I've run the patch I'll be sending in 4.9.y extensively, and in 4.4.y enough to be confident that the issue is resolved.
Thanks, mike
[ Backport of upstream commit d391f1207067268261add0485f0f34503539c5b0 ]
I was investigating an issue with seabios >= 1.10 which stopped working for nested KVM on Hyper-V. The problem appears to be in handle_ept_violation() function: when we do fast mmio we need to skip the instruction so we do kvm_skip_emulated_instruction(). This, however, depends on VM_EXIT_INSTRUCTION_LEN field being set correctly in VMCS. However, this is not the case.

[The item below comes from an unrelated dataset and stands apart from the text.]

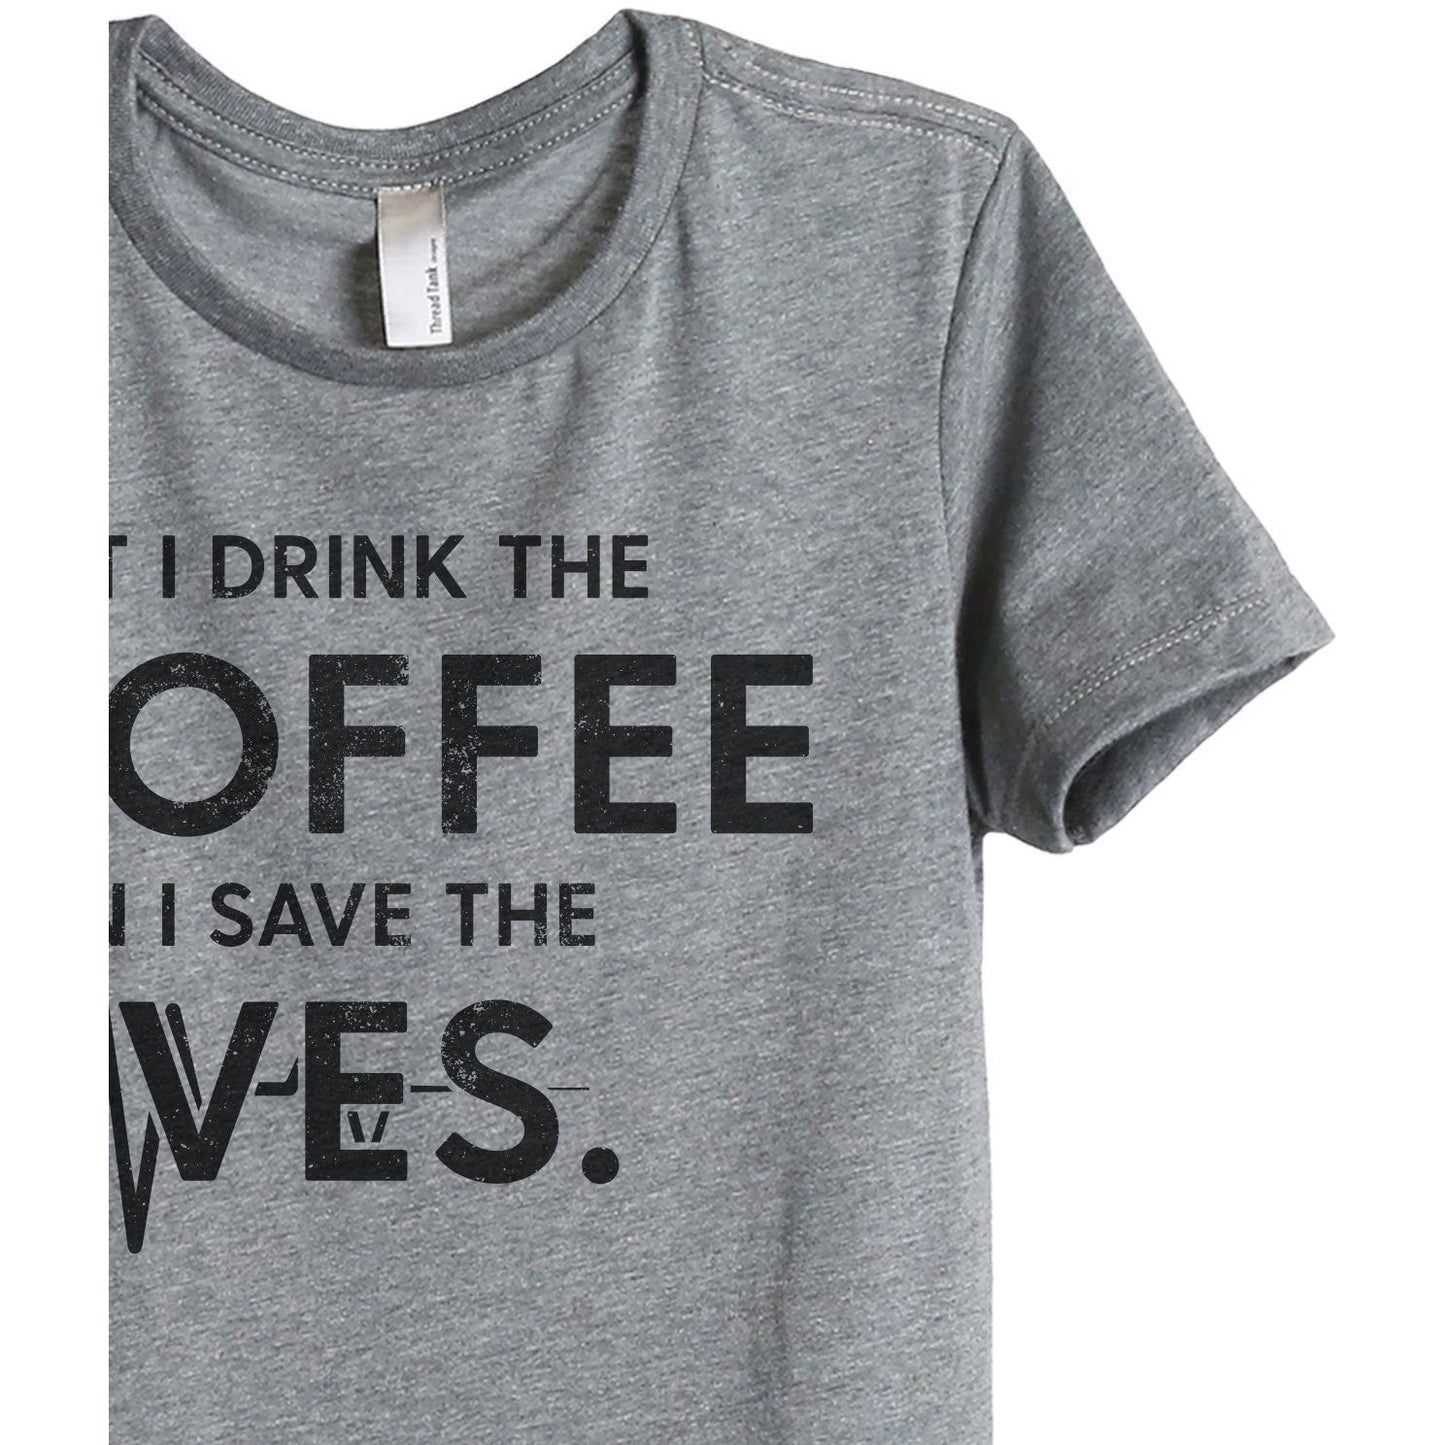 First I Drink The Coffee Then I Save The Lives Women's Relaxed Crewneck T-Shirt Top Tee Heather Grey Zoom Details

Intel's manual doesn't mandate VM_EXIT_INSTRUCTION_LEN to be set when EPT MISCONFIG occurs. While on real hardware it was observed to be set, some hypervisors follow the spec and don't set it; we end up advancing IP with some random value.
I checked with Microsoft and they confirmed they don't fill VM_EXIT_INSTRUCTION_LEN on EPT MISCONFIG.
Fix the issue by doing instruction skip through emulator when running nested.
Fixes: 68c3b4d1676d870f0453c31d5a52e7e65c7448ae Suggested-by: Radim Krčmář rkrcmar@redhat.com Suggested-by: Paolo Bonzini pbonzini@redhat.com Signed-off-by: Vitaly Kuznetsov vkuznets@redhat.com Acked-by: Michael S. Tsirkin mst@redhat.com Signed-off-by: Radim Krčmář rkrcmar@redhat.com Signed-off-by: Sasha Levin alexander.levin@microsoft.com [mhaboustak: backport to 4.9.y] Signed-off-by: Mike Haboustak haboustak@gmail.com --- arch/x86/kvm/vmx.c | 19 +++++++++++++++++-- arch/x86/kvm/x86.c | 3 ++- 2 files changed, 19 insertions(+), 3 deletions(-)
diff --git a/arch/x86/kvm/vmx.c b/arch/x86/kvm/vmx.c index 011050820608..9446a3a2fc69 100644 --- a/arch/x86/kvm/vmx.c +++ b/arch/x86/kvm/vmx.c @@ -6548,9 +6548,24 @@ static int handle_ept_misconfig(struct kvm_vcpu *vcpu)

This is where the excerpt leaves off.